The Generalist

What are rights?

If you live alone on a desert island you have no need of rights. To you, they are meaningless.

You do, however, have responsibilities. These are things you must do if you are to continue living.

You have no choice in the matter. These rules are inextricably linked to your existence by a power much greater than any living being. Sickness, weakness, and, ultimately, death follow any attempt to avoid them.

You must, for example, find a way to obtain food and shelter.

If you want more than just bare survival, you must find ways of understanding your situation so that you do not toil needlessly thereby causing yourself more pain than happiness. The rules must be obeyed if you are to obtain your goals, whatever they may be.

At this point, you have no rights, only responsibilities. You must do these things or suffer the consequences, which might, depending on how well you perform them, include death.

But, what if, one day, you notice that you are not alone on the island. There is another person there!

You might realize that cooperation with this other person would benefit you. Everything becomes easier where there is cooperation.

You might also realize that things could be worse, too. What if this person tries to steal from you? What if you fight with this person? All you’ve worked for could be lost.

If both of you clearly understand the situation, you will realize that each person has these same responsibilities to provide for himself – nourishment, health, rest, shelter… all the way to happiness.

You might realize that these responsibilities come from a power much greater than either of you and that the responsibility to respond correctly in how you treat the other person also comes from that greater power.

You might both realize that any attempt to stop your neighbor from carrying out these responsibilities will be destructive. You know this because you know you will fight for your ability to perform them. You don’t have a choice. A higher power has determined that you must do them or die. You will fight so that you can do them.

With this realization that you have both made, the concept of rights is born.

You have both recognized each other’s responsibilities and you have agreed to respect them. These are rights.

Put simply, your rights are your responsibilities seen from the point of view of another party.

It now becomes easy to see why rights are “Creator” given, doesn’t it? It doesn’t matter what you call that higher power. You can call it God if that suits you.
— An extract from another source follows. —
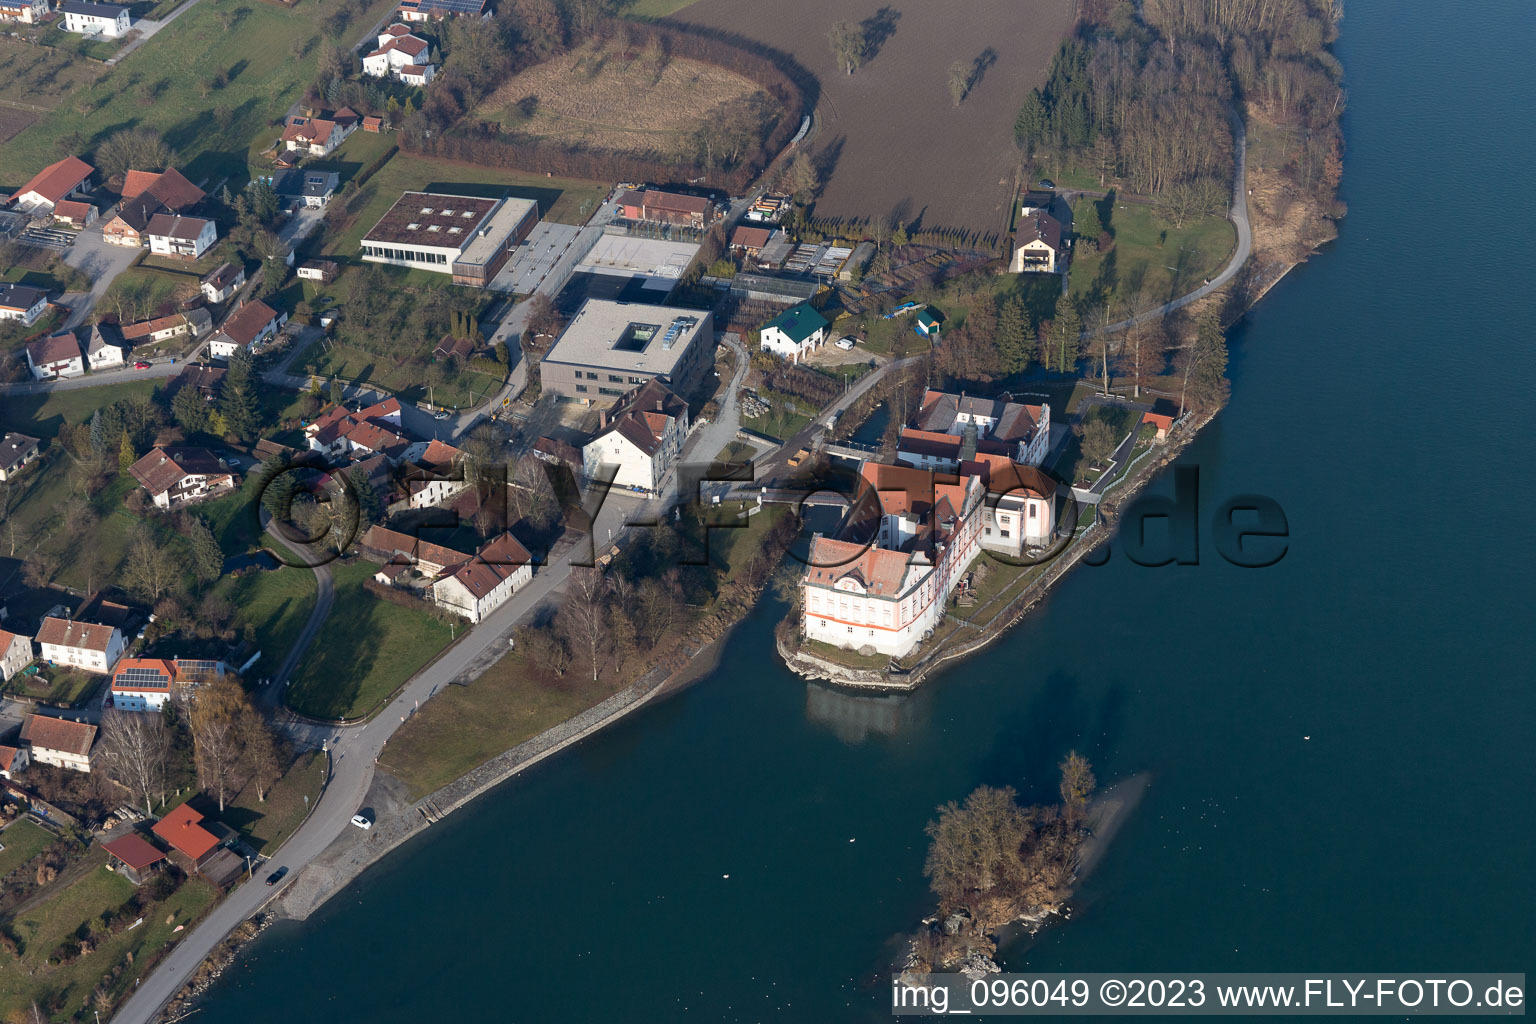 Neuhaus am Inn in the state Bavaria, Germany viewn from the air

You can call it the universe, or nature. Or creator. Whatever you call it, you were created by it and you are dependent upon it. Its edicts are non-negotiable by anyone anywhere. No higher power exists.
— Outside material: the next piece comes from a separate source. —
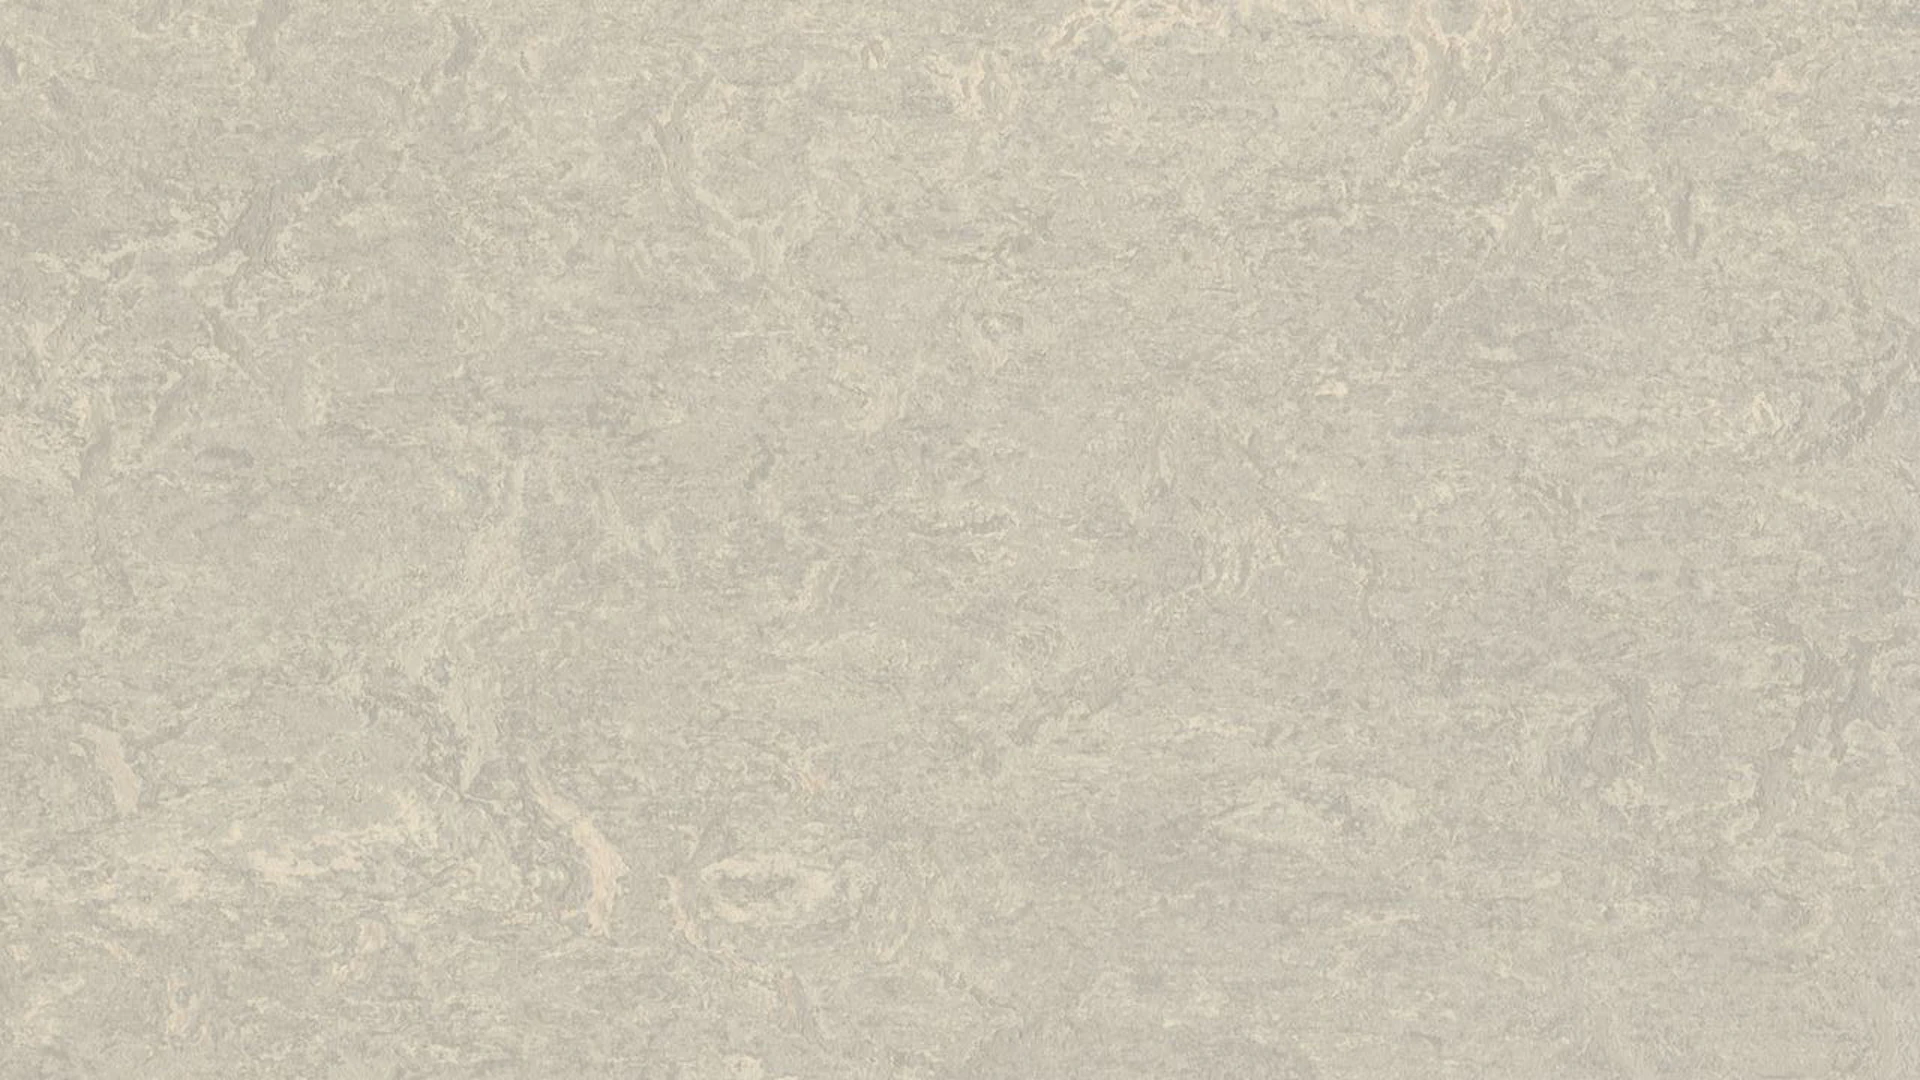 Forbo Linoleum Marmoleum - Cemento reale 3136 2.0

It also now becomes easy to see why these rights are unalienable. As long as you exist, you and only you will suffer the consequences of not performing these responsibilities. If someone chooses not to respect their existence, they don’t disappear because of it. You still have them. In fact, you have no means of avoiding them, or transferring them to anyone else, in any way at all.
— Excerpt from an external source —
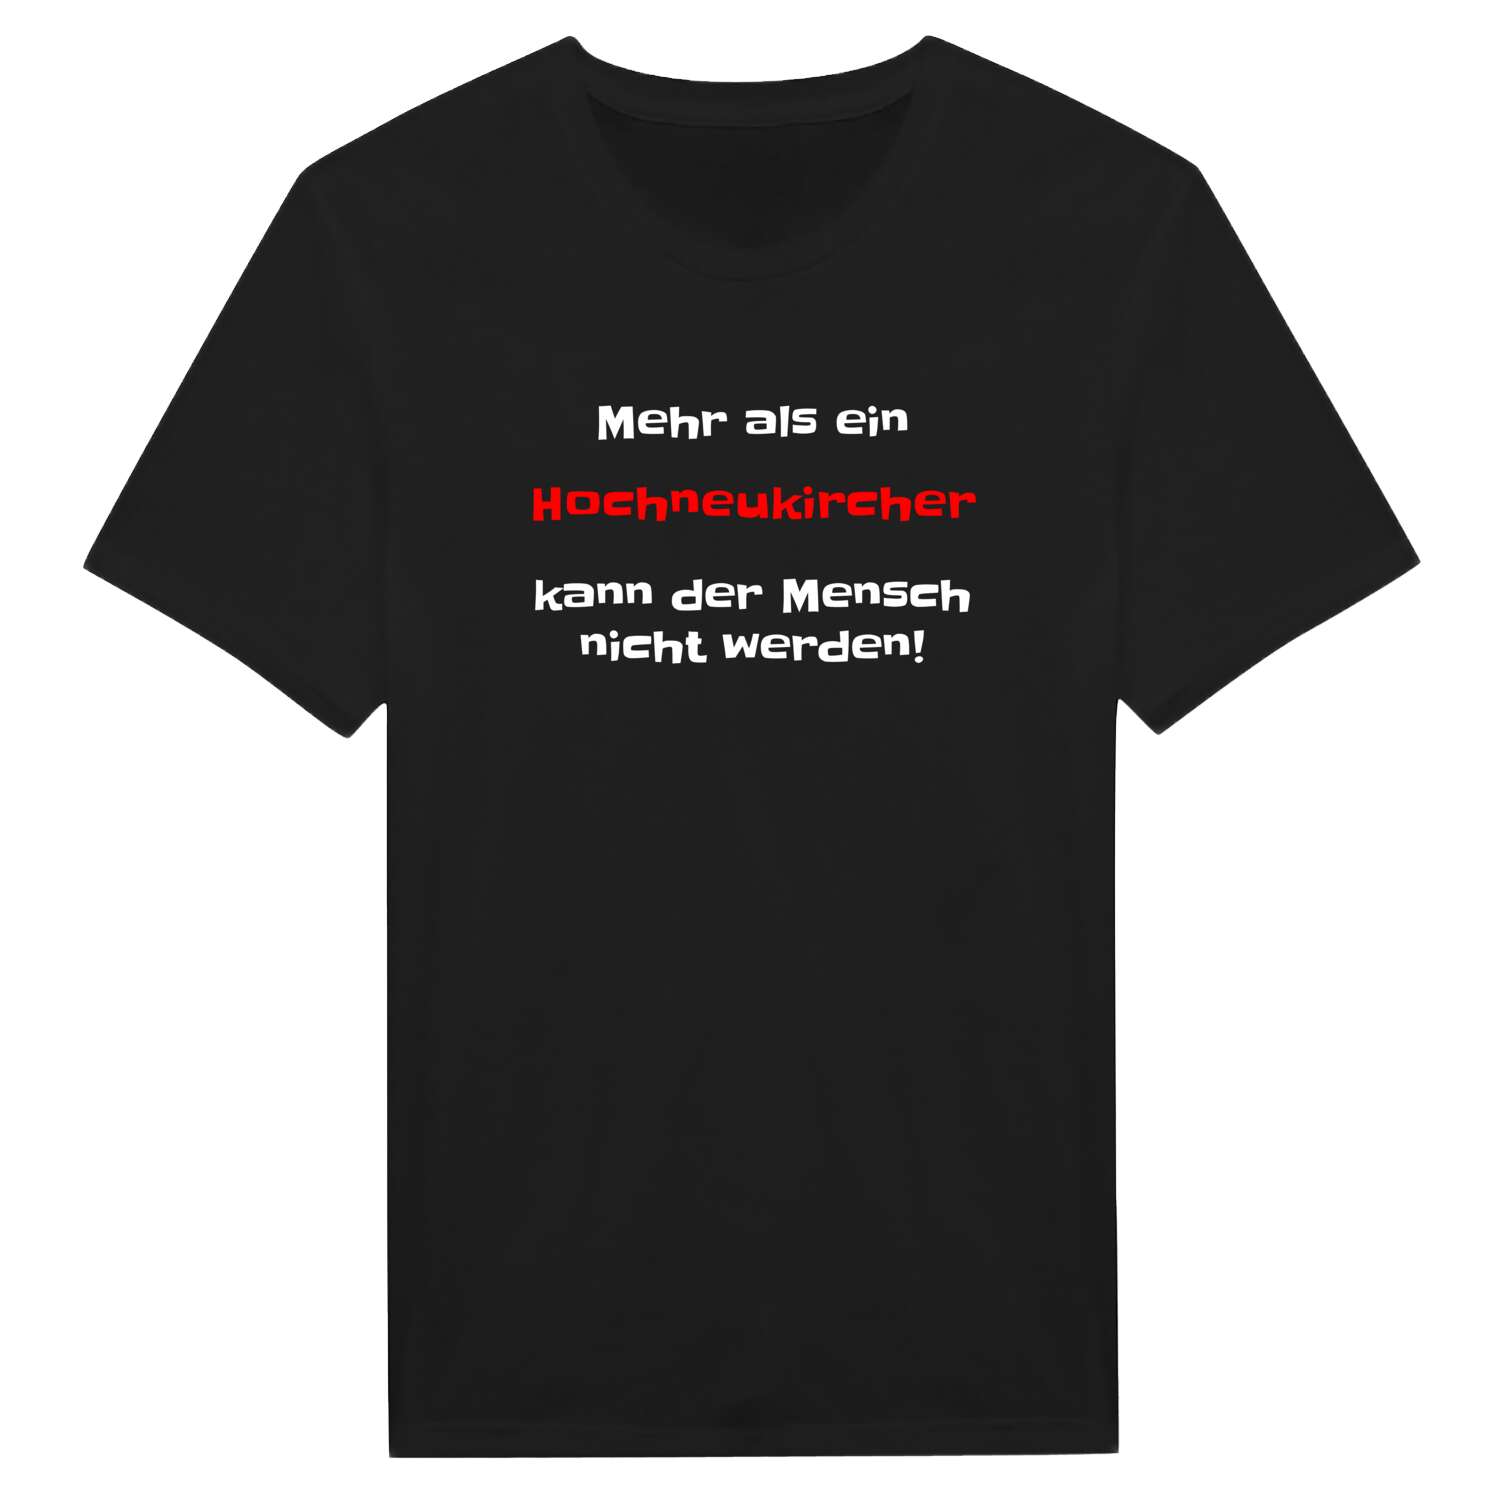 Hochneukirch T-Shirt »Mehr als ein«

It now also becomes evident what happens when these responsibilities, i.e., rights, are not respected.

Now you know what rights are. You know they are creator given. You know they are unalienable. Now for your homework:

Does government grant rights?

What are the consequences when rights are not respected?

Do states have rights?

Is healthcare a right?

Does one have a right to bear arms?

Do animals have rights?

Do fetuses have rights?

I may write answers to these questions or I may not. You don’t need me to. If you bother to think a bit, and you are honest, you’ll see the answers clearly for yourself.